Almost every lawyer who goes before the Supreme Court has at least one sizable hole in their argument. After all, if the questions were clear-cut, the case would have been resolved in the lower courts. But there are holes, and then there are holes.
In the transgender sports cases heard at the Supreme Court on Tuesday, attorneys for the trans athletes spent much of their time trying to skirt a sinkhole the size of Atlanta. The court was weighing whether laws in two states banning trans athletes from competing in women’s sports violates their civil rights.
“For equal protection purposes,” Justice Samuel Alito asked Kathleen Hartnett, the attorney representing a Boise State University cross-country runner, “what does it mean to be a boy or a girl or a man or a woman?”
“We do not have a definition for the court,” Hartnett said.
It was a moment made for social media, and it attracted immediate ridicule. But it was only one of several such exchanges, none of which helped the trans inclusion cause. As Alito asked in his follow-up, “How can a court determine whether there’s discrimination on the basis of sex without knowing what sex means for equal protection purposes?”
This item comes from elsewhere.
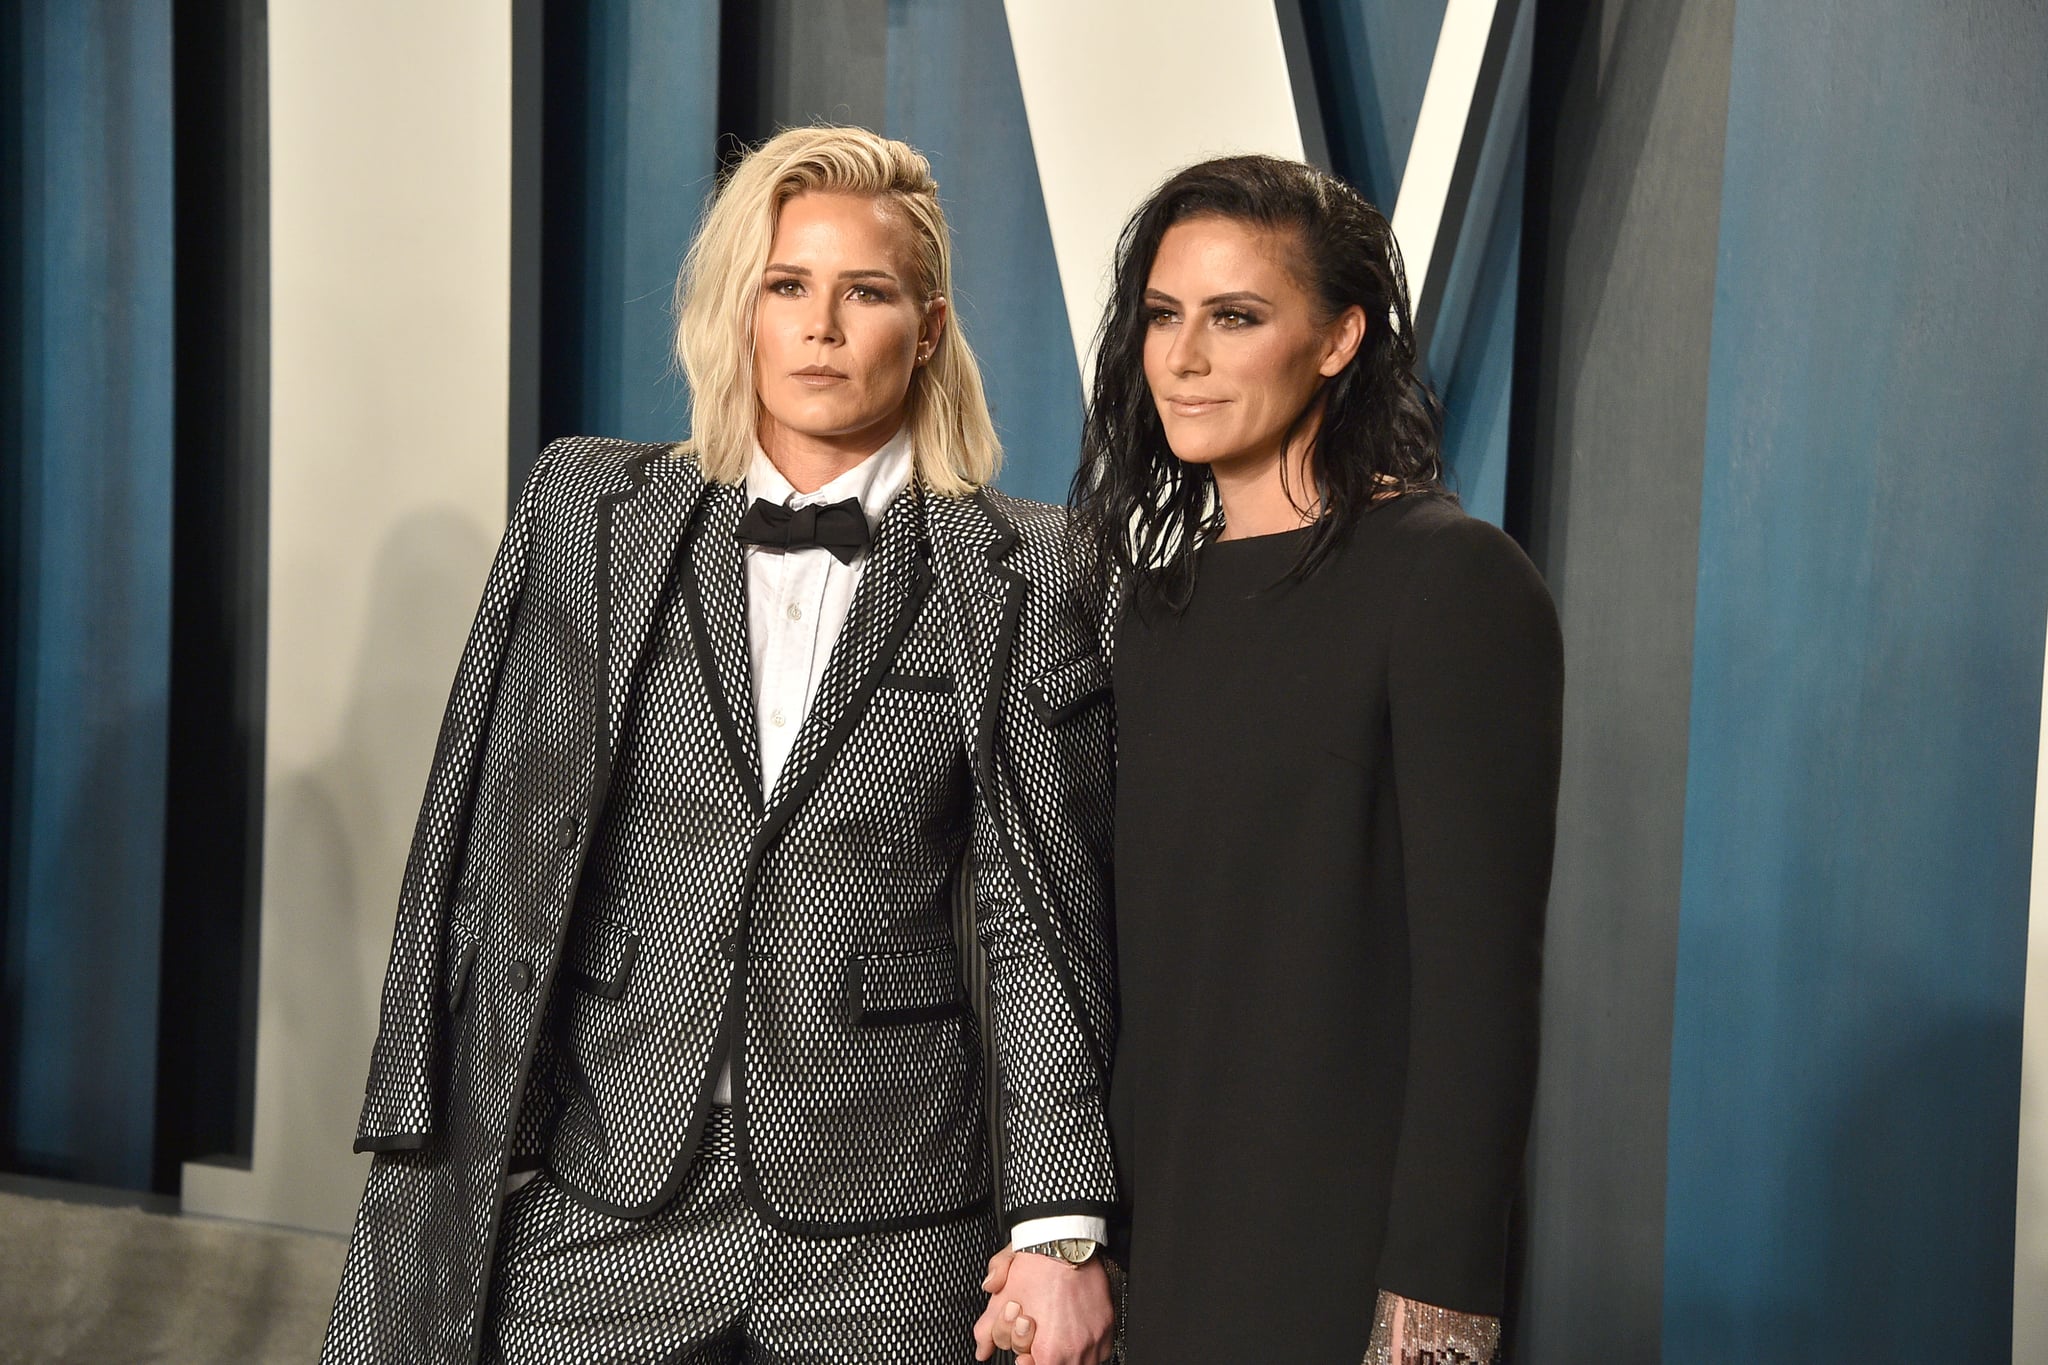 Football players Ashlyn Harris and Ali Krieger attend the 2020 Vanity Fair Oscar Party at Wallis Annenberg Centre for the Performing Arts on February 09, 2020 in Beverly Hills, California. (Photo by David Crotty/Patrick McMullan via Getty Images)
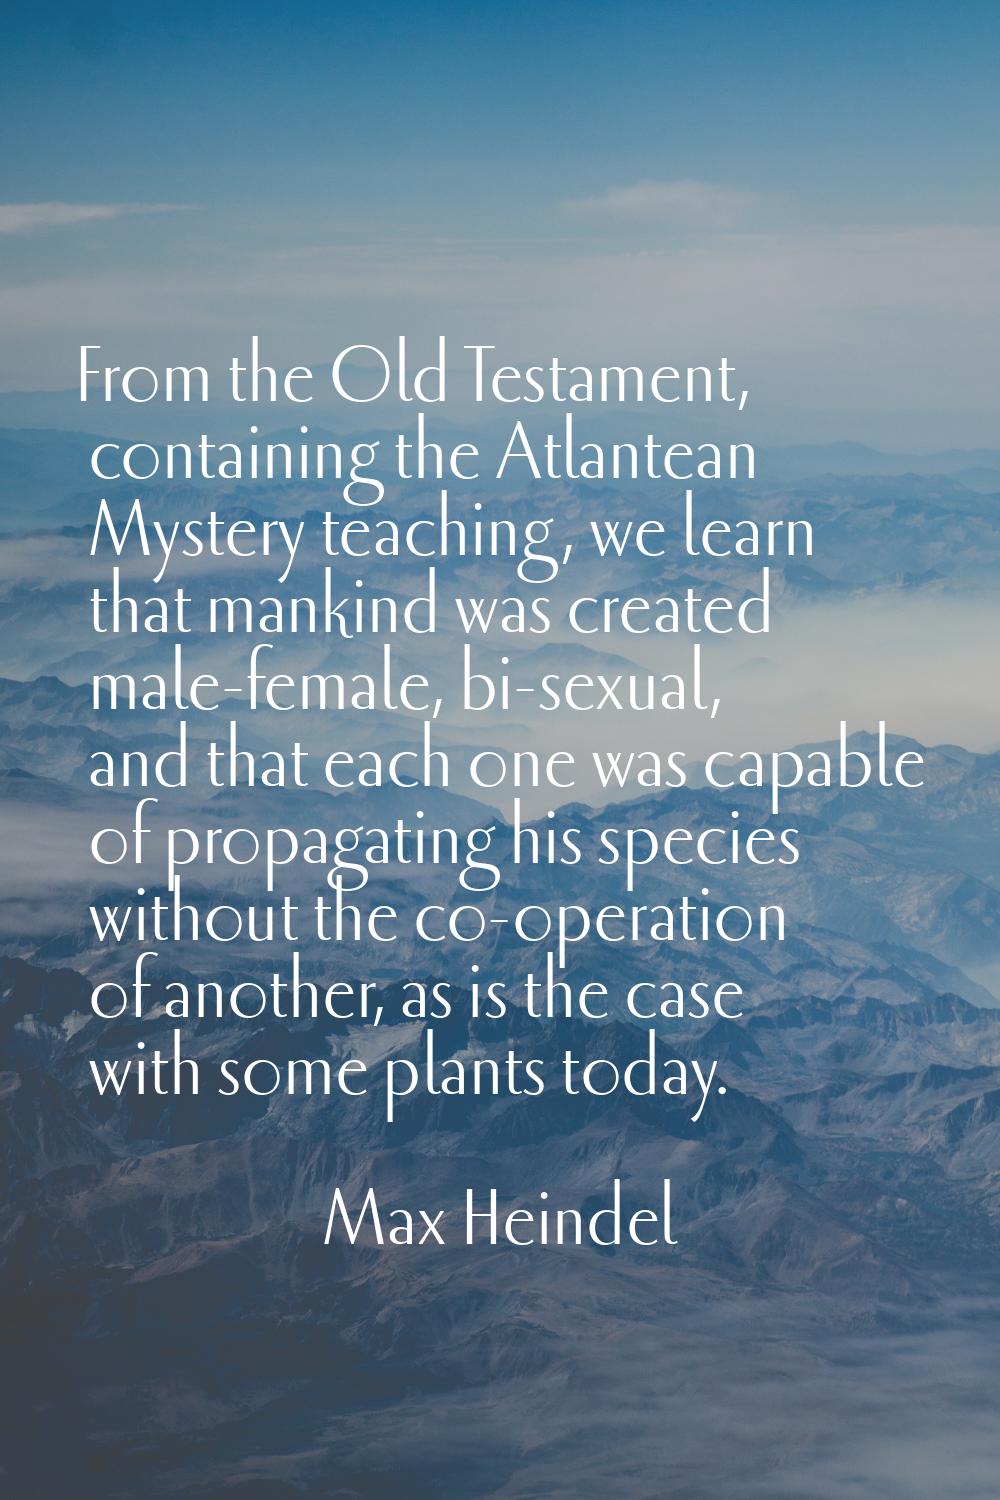 From the Old Testament, containing the Atlantean Mystery teaching, we learn that mankind was create

Excellent question! And one that trans rights activists have avoided for years.
Consider the Lambda Legal conversation guide released before oral arguments. It suggests that people respond to reasonable questions such as “How can it be fair (or safe) for a girl to compete against a boy?” with psychotherapy prompts such as “What do you think matters most in sports?” or “Have you ever been left out just because of who you are?” This exercise in evasion is political and legal malpractice.
A forthright argument is the better tactic. Same-sex marriage advocates won by convincing the public of three propositions: That gay people were born that way, not making a “lifestyle choice”; that excluding them from marriage was therefore unfair; and that giving gay people the same marriage rights as everyone else was good for them and didn’t hurt anyone else.
A parallel process for trans inclusion in sports would have consisted of convincing people either that women’s sports reflect a social distinction, not a biological one; that trans inclusion takes precedence over creating a level playing field for biological females; or that trans women are biologically indistinguishable from cisgender women. All were tried. None worked.
The public was not receptive to the idea that females should step back and give males more opportunities to win athletic competitions. As more trans women competed and won in women’s sports, it became harder to argue that there was no residual advantage.
The fallback strategy was to suggest that it’s naive to think in terms of biological binaries. Sex is a social construct, a spectrum, an incomprehensible mystery, like the inner workings of the Holy Trinity. Like all sacred mysteries, it is knowable not by any outward signs, but by inward revelation, and a person’s testimony to their own gnostic experience must be taken on faith by the rest of us.
The most obvious problem with this argument is that it’s not so much an argument for trans inclusion as it is for abolishing women’s sports. What is the point of having a competition that excludes cisgender men but puts Lia Thomas, a transgender woman, and Iszac Henig, a transgender man, in the pool with cisgender women?
The law requires clear definitions, not ecstatic invocations of the infinite complexity of human experience. For most normal people, asking whether we can even know what a woman is doesn’t make you look wise and compassionate; it makes you look crazy. No wonder Republican senators keep asking progressives at hearings some version of this question: “What is a woman?”
None found a good answer, which could not be evaded by dressing a senator down for transphobia, nor by challenging the premise of the question, nor by pleading ignorance. “I’m not a biologist,” Ketanji Brown Jackson said during her confirmation hearing for the Supreme Court. Afraid to suggest that biology might matter more than gender identity, not quite brave enough to assert the opposite, they instead made themselves look foolish. As did writers and scientists who started insisting that even the idea of two sexes was simplistic and unscientific.
This worked among college-educated elites, bolstered by the fear of being called a bigot. But tragically, the more trans rights advanced, the more popular support retreated. A clean compromise was available, similar to the compromise we made on women’s sports: treat males and females as interchangeable in contexts where biology is irrelevant or minor, while reserving segregated spaces for contexts where it is not. Advocates rejected that compromise in favor of an insistence that gender identity always trumps biology. The risk of all-or-nothing arguments is that they often end with nothing.